• Extracted data:
--- --- ---

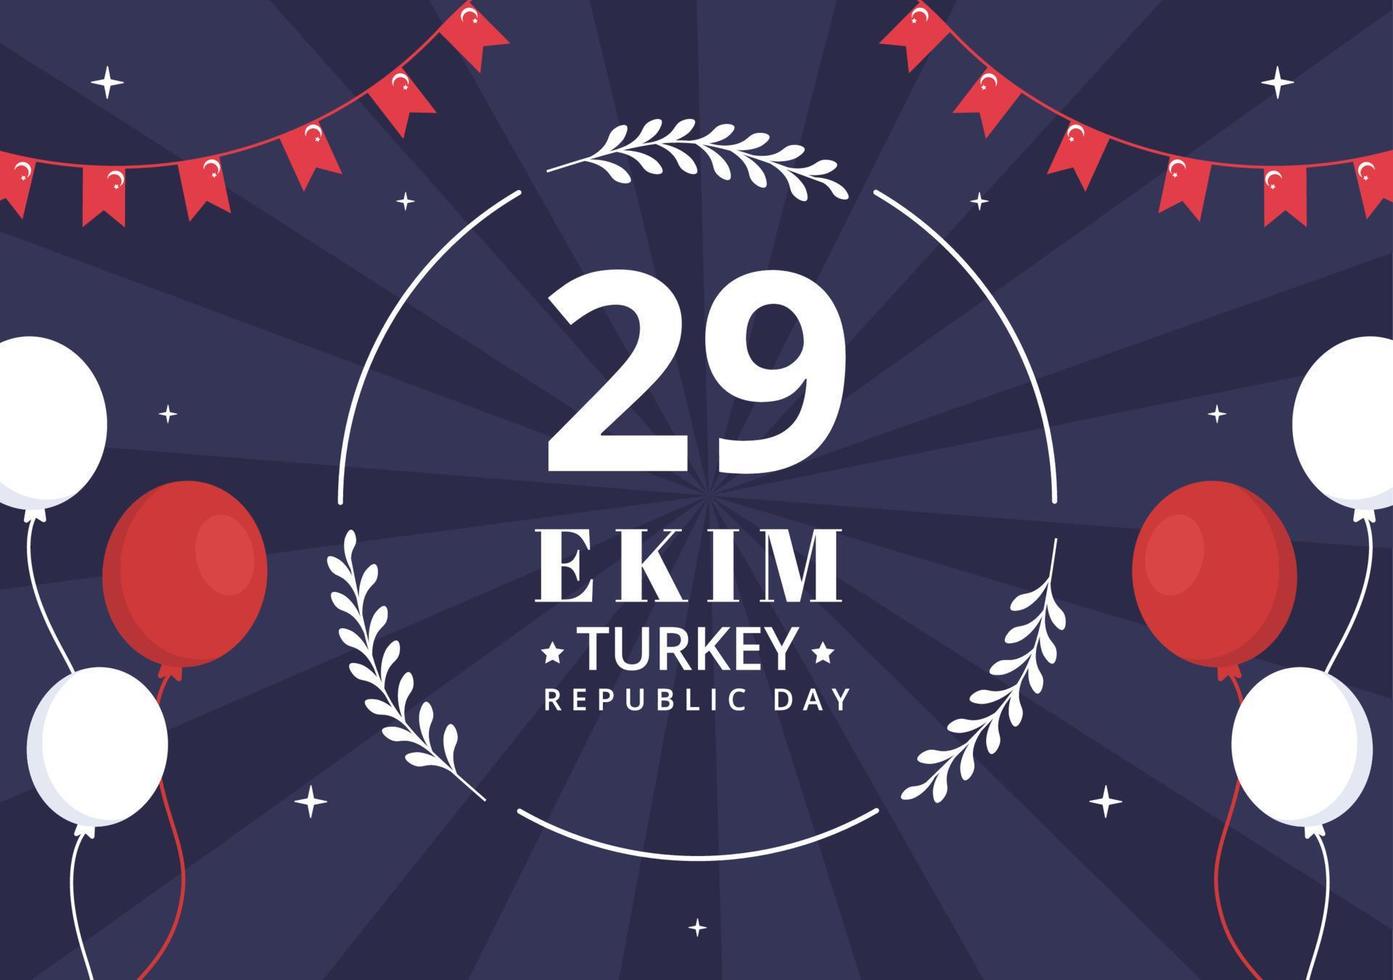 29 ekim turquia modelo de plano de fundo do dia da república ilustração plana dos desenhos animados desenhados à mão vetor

--- --- ---

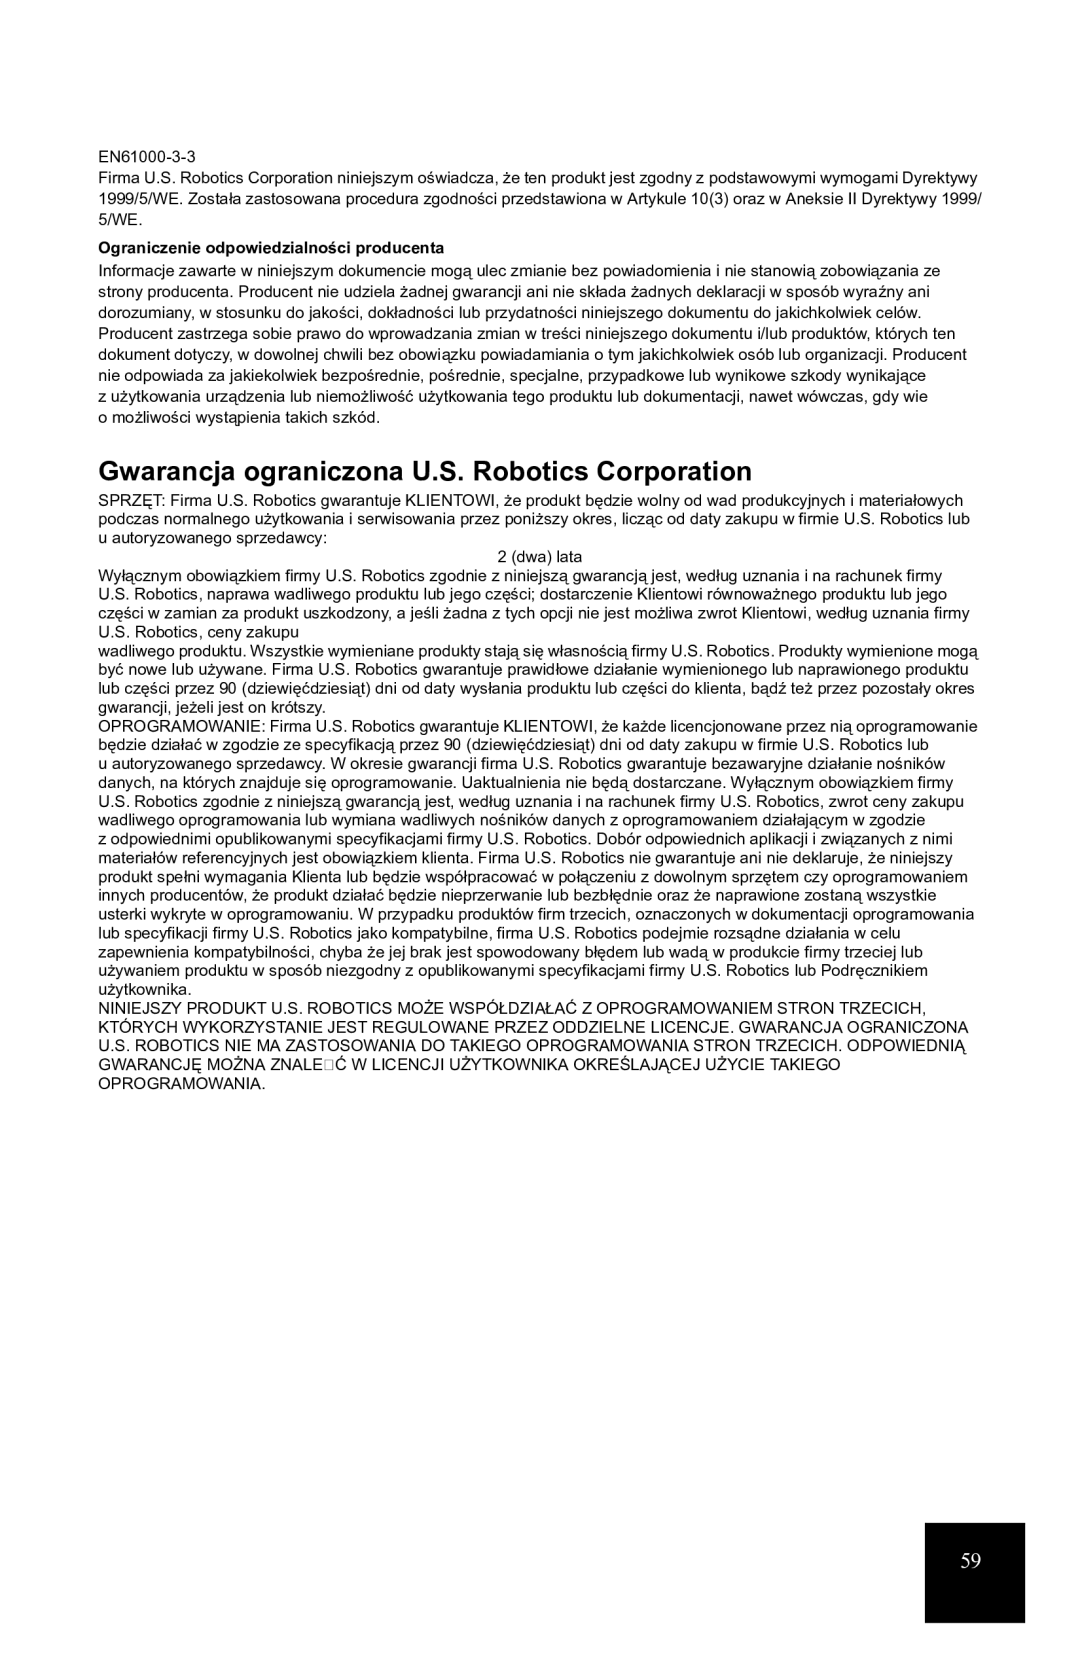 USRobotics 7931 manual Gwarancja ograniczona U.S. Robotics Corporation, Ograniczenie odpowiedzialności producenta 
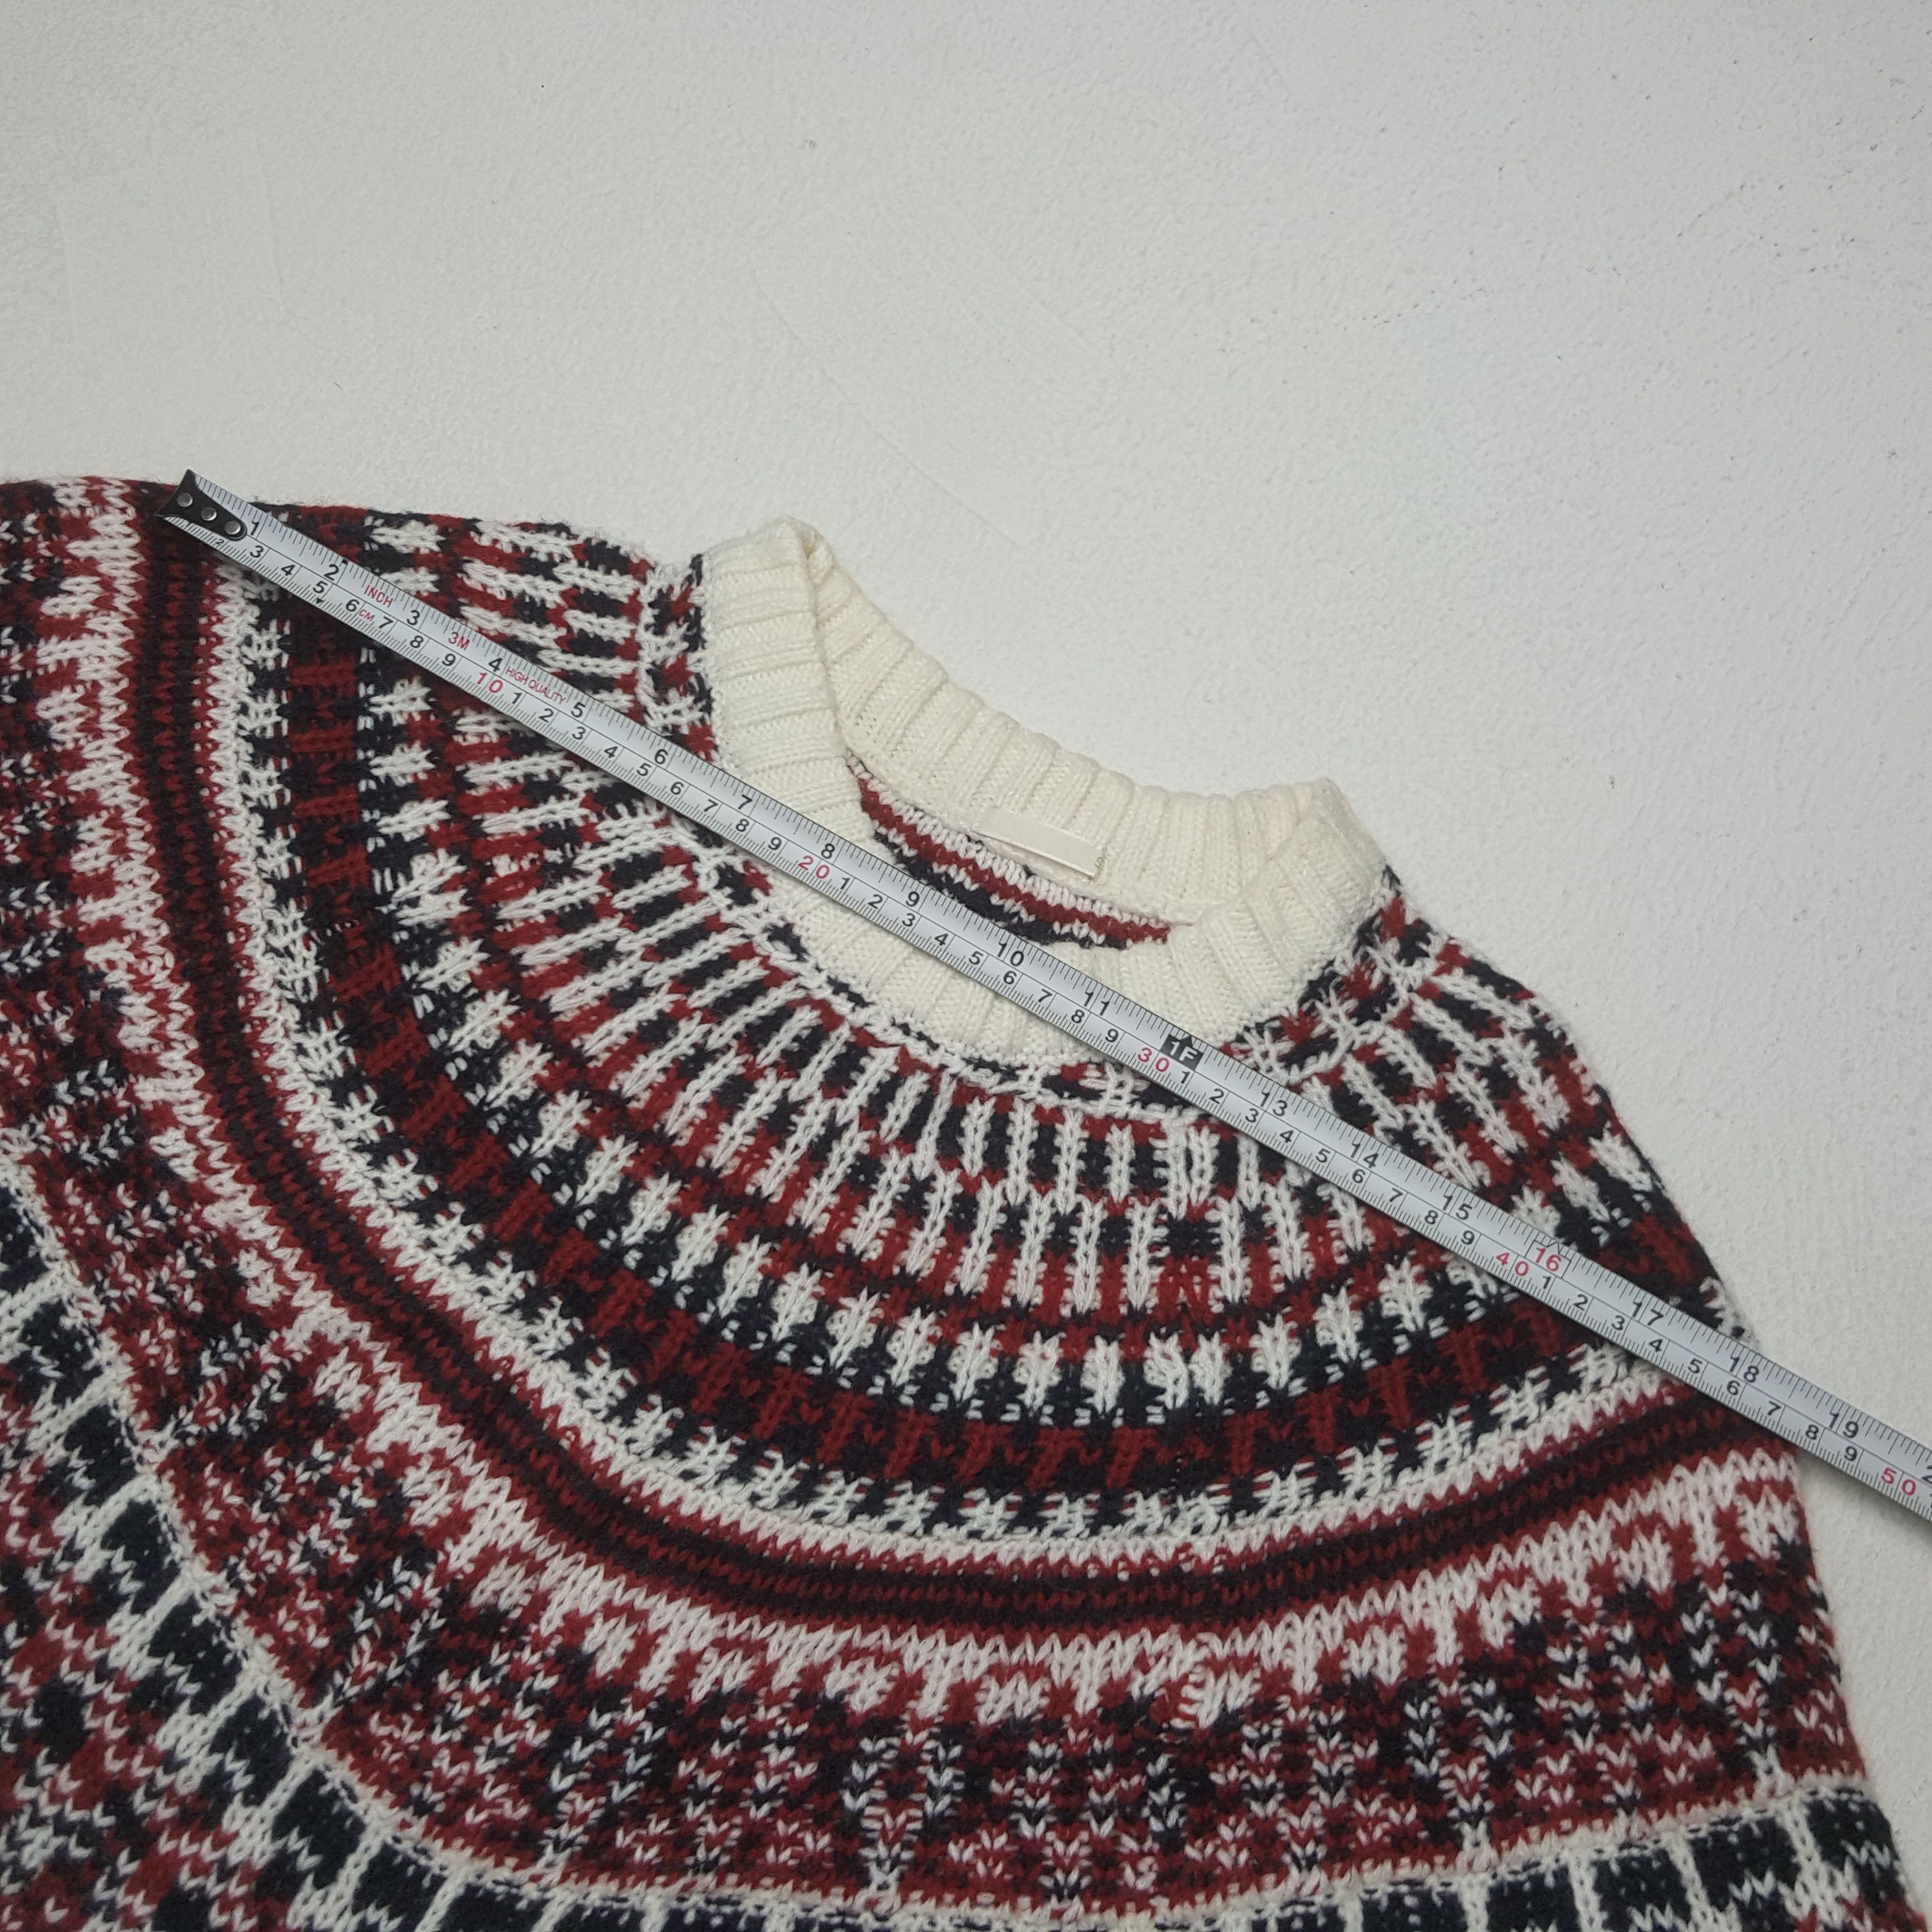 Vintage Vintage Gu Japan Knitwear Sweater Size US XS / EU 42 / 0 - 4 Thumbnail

--- --- ---

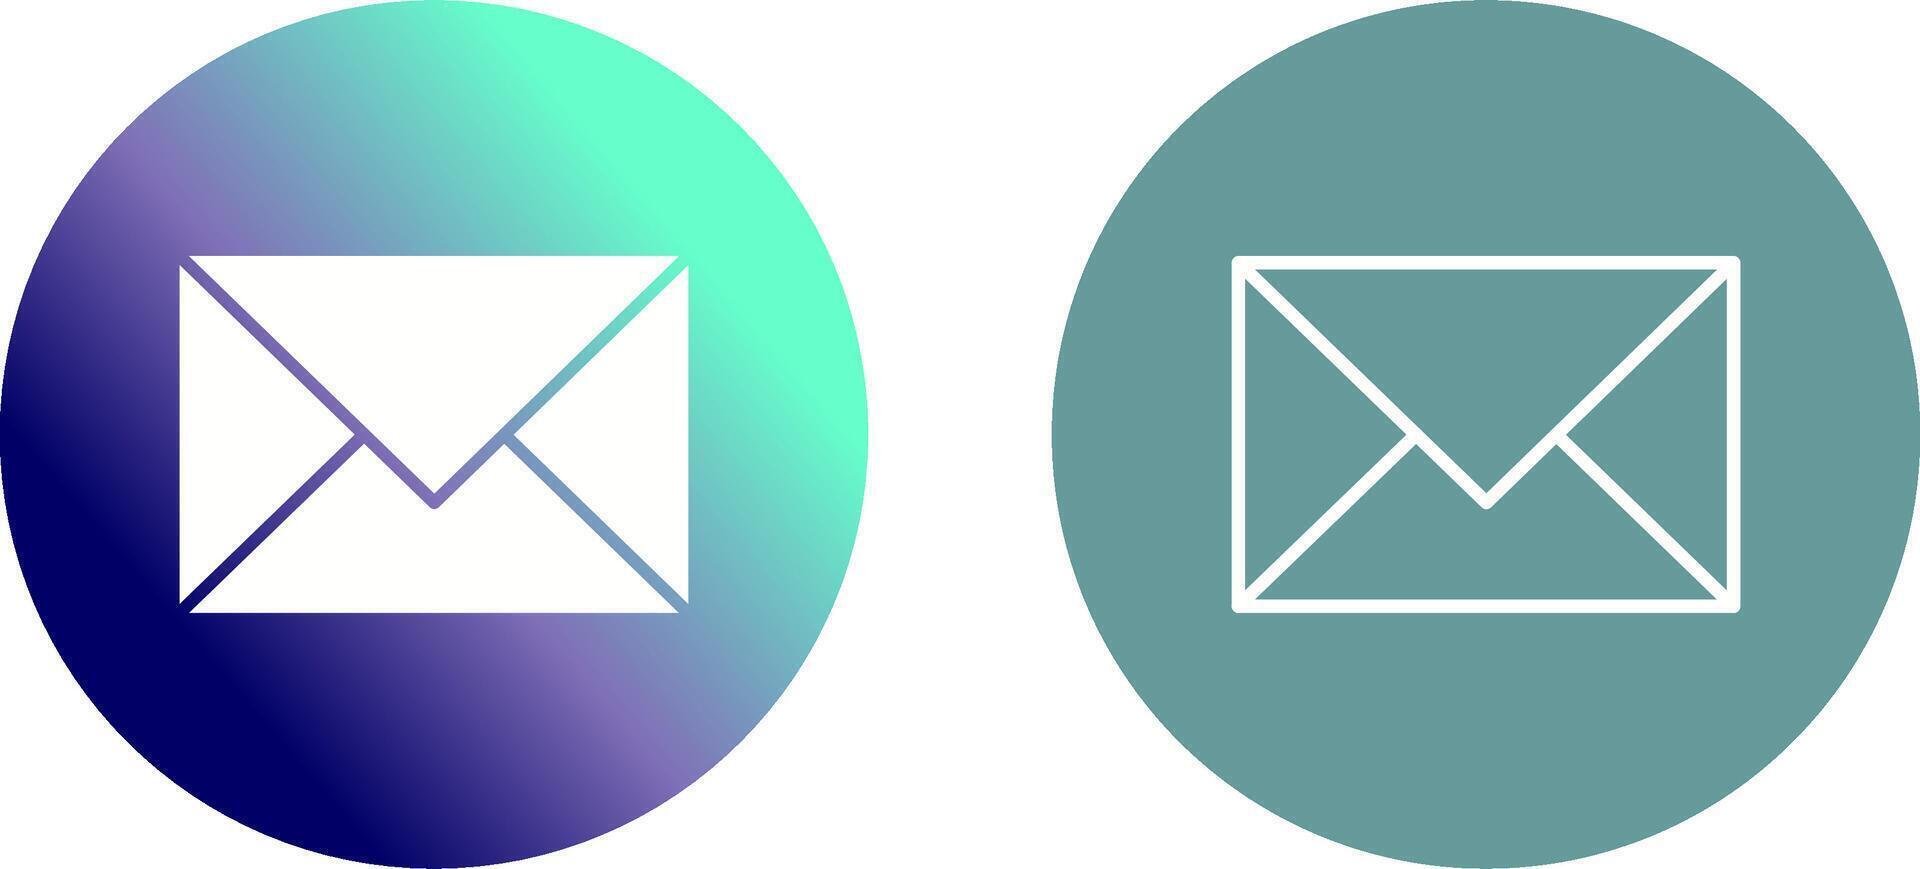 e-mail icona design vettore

--- --- ---

• Work to complete:
Exactly the lines above from the one that contains "USRobotics 7931 manual" down to the one that contains "Vintage Vintage Gu" are to be output, both ends kept and pictures omitted.

• Response to the exercise:
 USRobotics 7931 manual Gwarancja ograniczona U.S. Robotics Corporation, Ograniczenie odpowiedzialności producenta 
 Vintage Vintage Gu Japan Knitwear Sweater Size US XS / EU 42 / 0 - 4 Thumbnail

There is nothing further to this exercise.